日本は法治国家なのか

池田 信夫

大飯原発の再稼働をめぐって混乱が続いている。政府は再稼働を認めようとしたが、地元の反発にうろたえてまた説明会を開き、かえって混乱が拡大した。大阪市の橋下市長は「手続きが間違っている」というが、手続き論をいうなら、そもそも1年前に菅首相が浜岡原発を止めた「要請」に法的根拠がない。それは「原発を止める命令を出す法律がないからだ」と菅氏は説明したが、これは嘘である。


電気事業法第40条には「経済産業大臣は、事業用電気工作物が前条第一項の経済産業省令で定める技術基準に適合していないと認めるときは[・・・]その使用を一時停止すべきことを命じ、又はその使用を制限することができる」という規定があるので、経産相が技術適合命令を出せば運転を止めることができる。浜岡を電気事業法にもとづいて止められなかったのは、政府が技術基準に適合していないことを証明できなかったからだ。つまり法的に止める理由がないのに、違法に止めたのである。

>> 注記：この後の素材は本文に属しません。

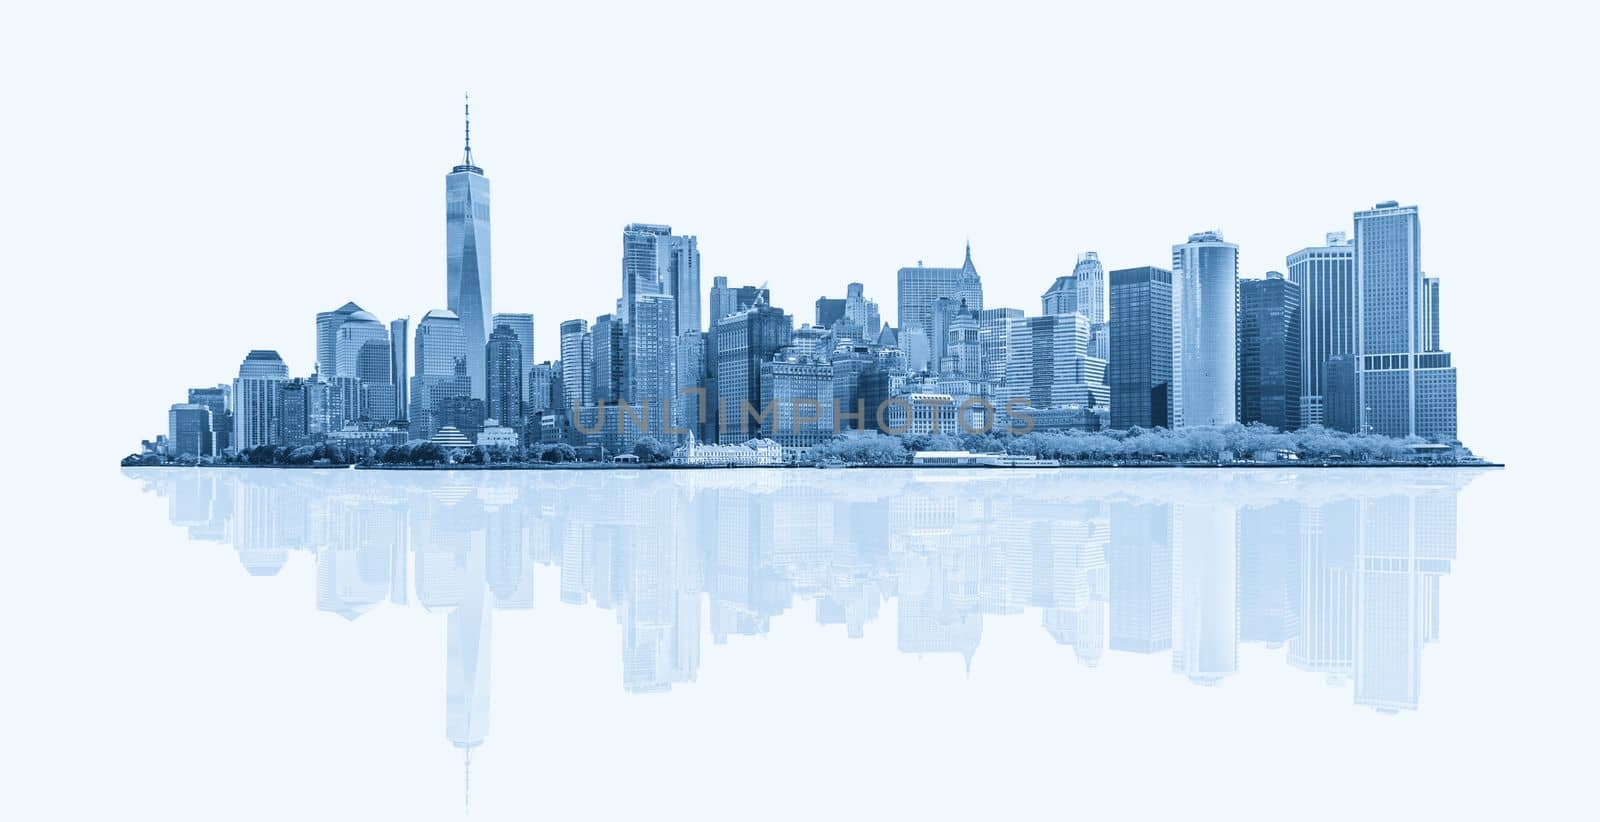 Skyline panorama of downtown Financial District and the Lower Manhattan in New York City, USA. isolated on white background with reflection by Mariakray

その後も定期検査が終わった他の原発の再稼働を政府は許可せず、法的根拠のない「ストレステスト」の合格を条件にした。これもヨーロッパでは運転と並行して行なわれている参考のためのシミュレーションであり、運転の可否を決める基準ではない。スリーマイル島でもチェルノブイリでも、事故を起こした原子炉以外は止めなかった。政府の定めた技術基準に違反していないのに裁量的に運転を禁止することは、電気事業法違反である。電力会社が行政訴訟を起こせば、政府が負けるだろう。

その後、大阪市の出した8条件や京都・滋賀の知事の出した7条件なども、何の法的根拠もない思いつきだ。再稼働を延期することは関西電力に数千億円の損害を与え、それは(総括原価主義では)最終的には利用者の負担になる。「地元理解」などの感情論を基準にしていたら、いつまでも再稼働できない。政府は「再稼働する原発の安全を証明する責任」があるのではなく、再稼働を止めている原発が安全ではない(技術基準に適合していない)ことを証明する責任があるのだ。

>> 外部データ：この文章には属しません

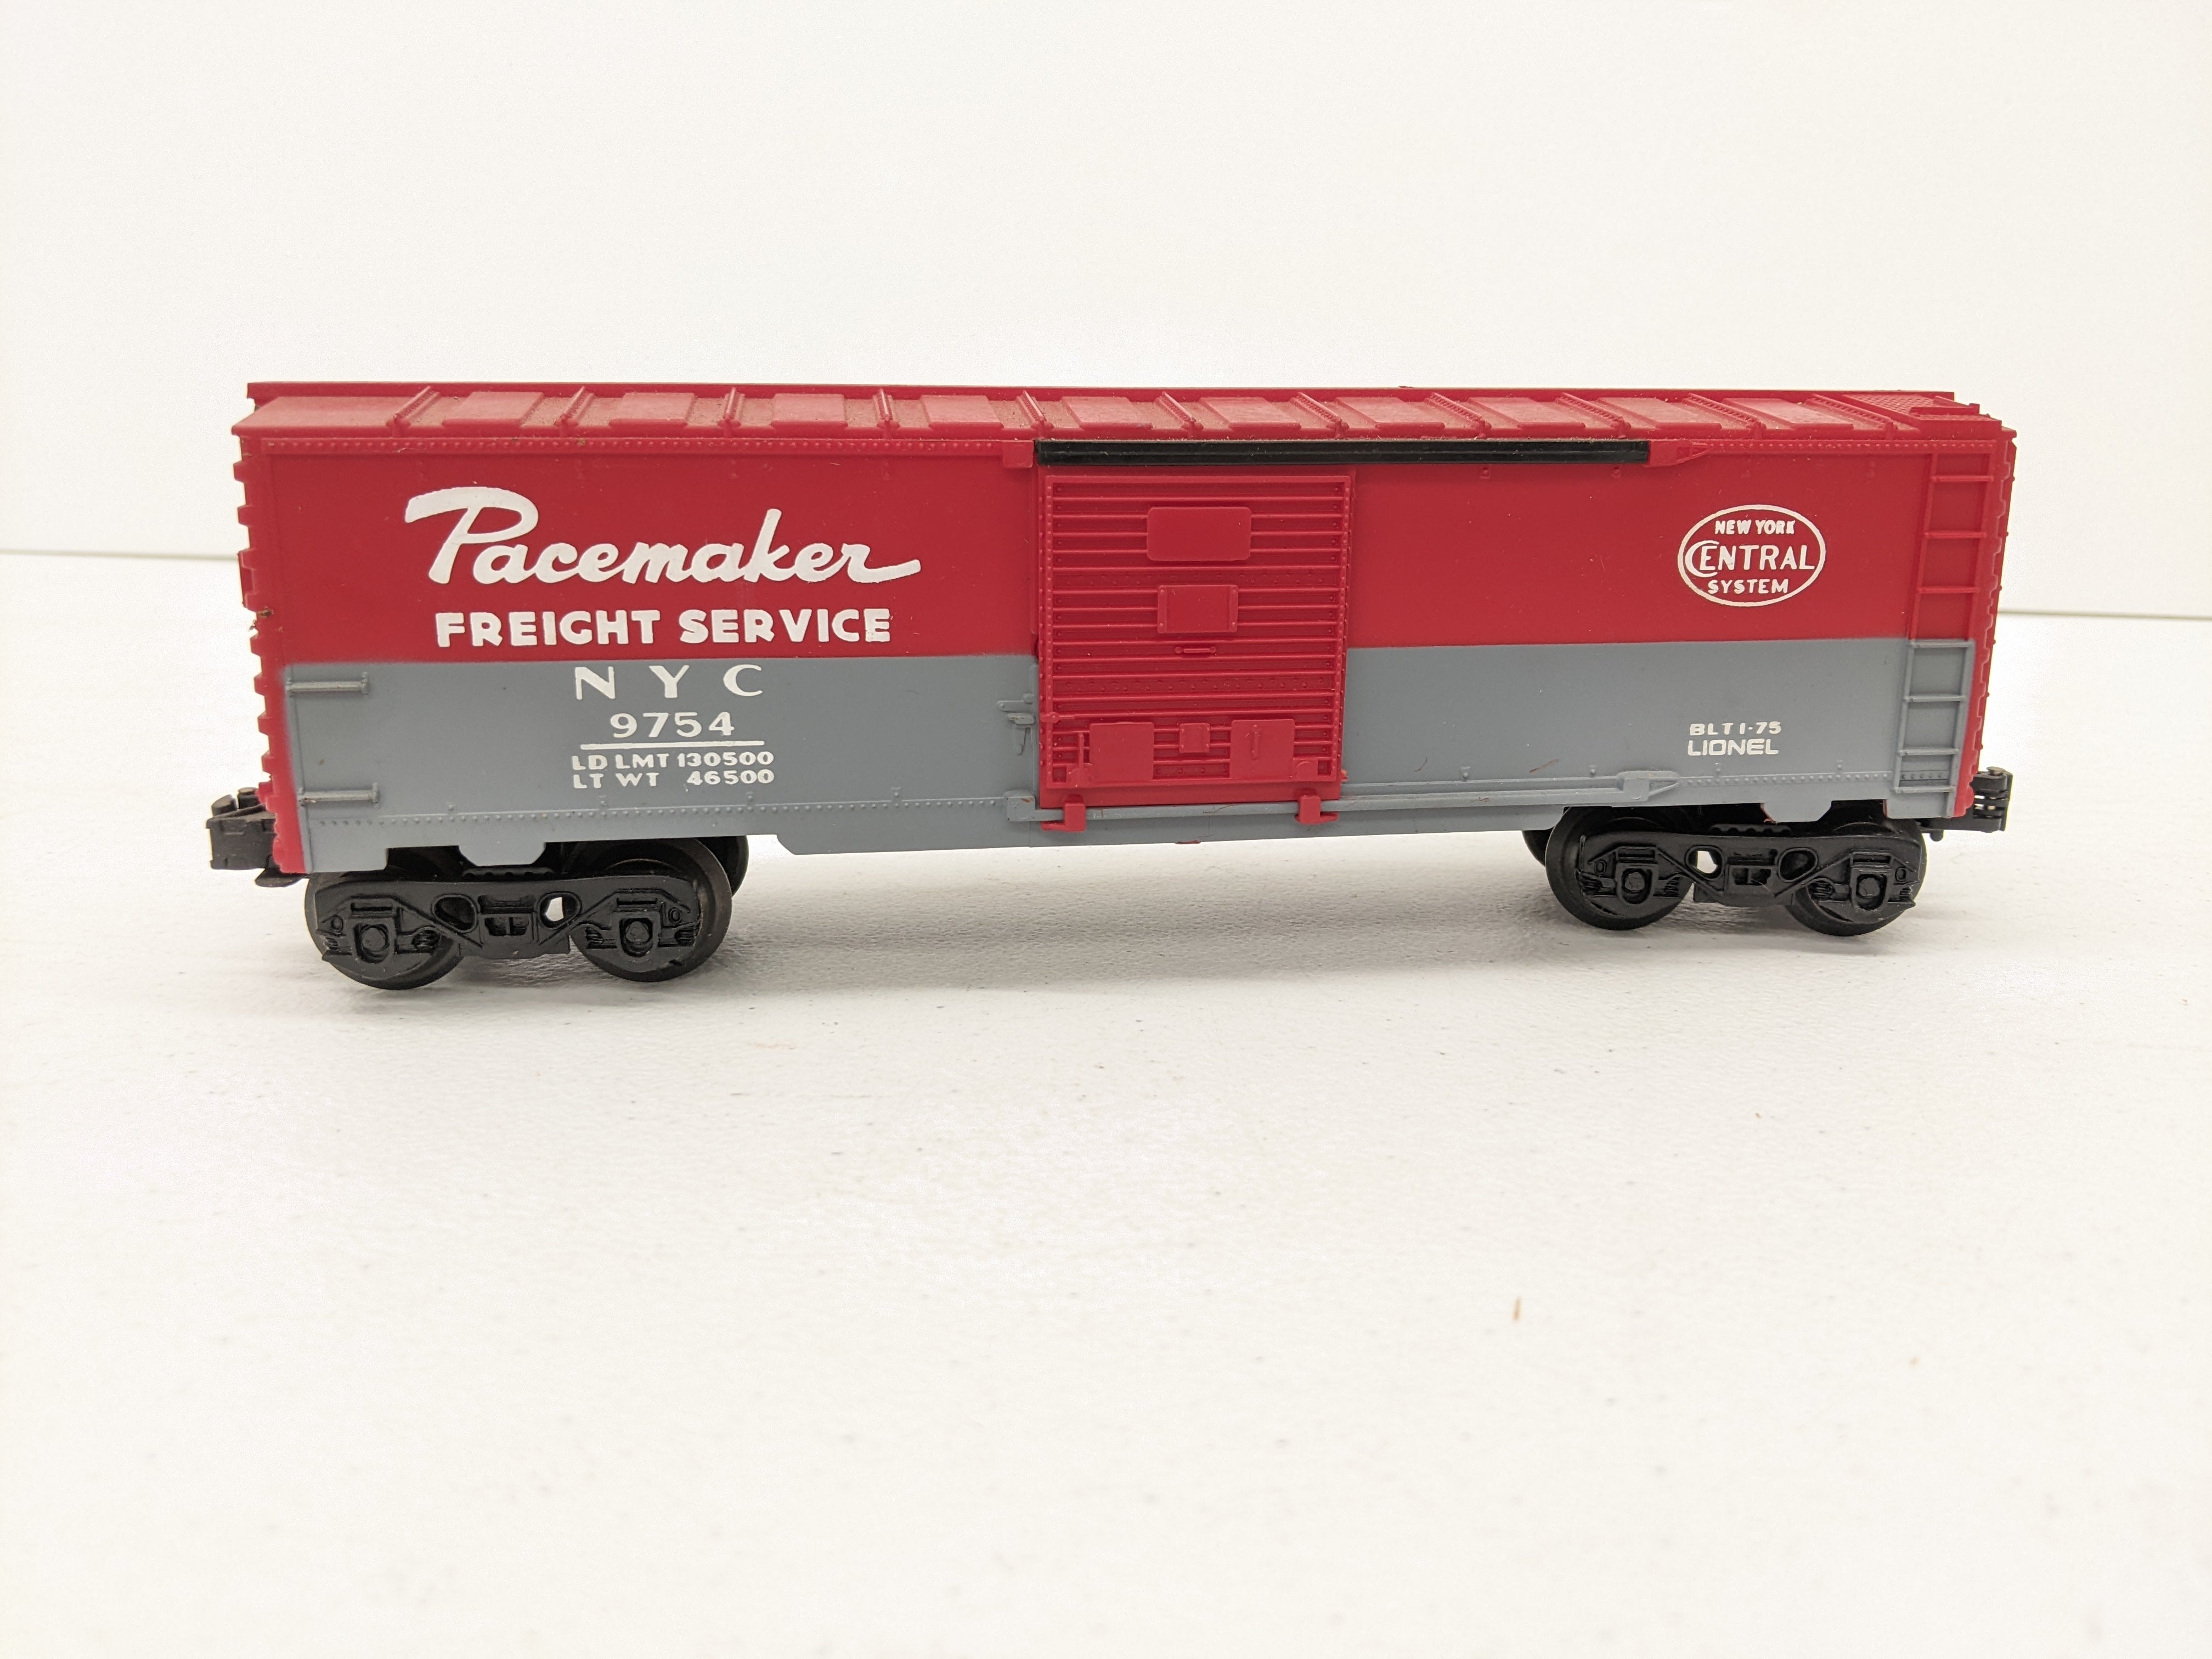 USED Lionel 2868768 O Scale, Box Car, Pacemaker, New York Central NYC #9754

そもそも今回の再稼働中止は、閣議決定さえ経ていない菅氏の「個人的見解」から始まったものであり、その後の再稼働禁止も閣僚会合などの曖昧な手続きによる行政指導だ。法的根拠なしに民間企業に数兆円の損害を与えることは私有財産権の侵害である。事故の直後は緊急避難としてしょうがないとしても、その後1年もこの問題について国会で審議せず、閣議にもはからないのは法治国家とはいえない。

かつて川島武宜は『日本人の法意識』で、明治以来100年たっても日本人は法の支配を理解していないと嘆いた。明治時代にできた壮大な法典は不平等条約を改正するために「日本も文明国だ」と見せるための飾りで、「鹿鳴館のようなものだった」と川島はいう。すべてを人間関係で解決する日本の社会では、非人格的なルールが人間を支配するという考え方が、いまだに政治家にも理解されていない。法的根拠のない「お上」の指導に電力会社が従う日本は、まだ鹿鳴館時代ということか。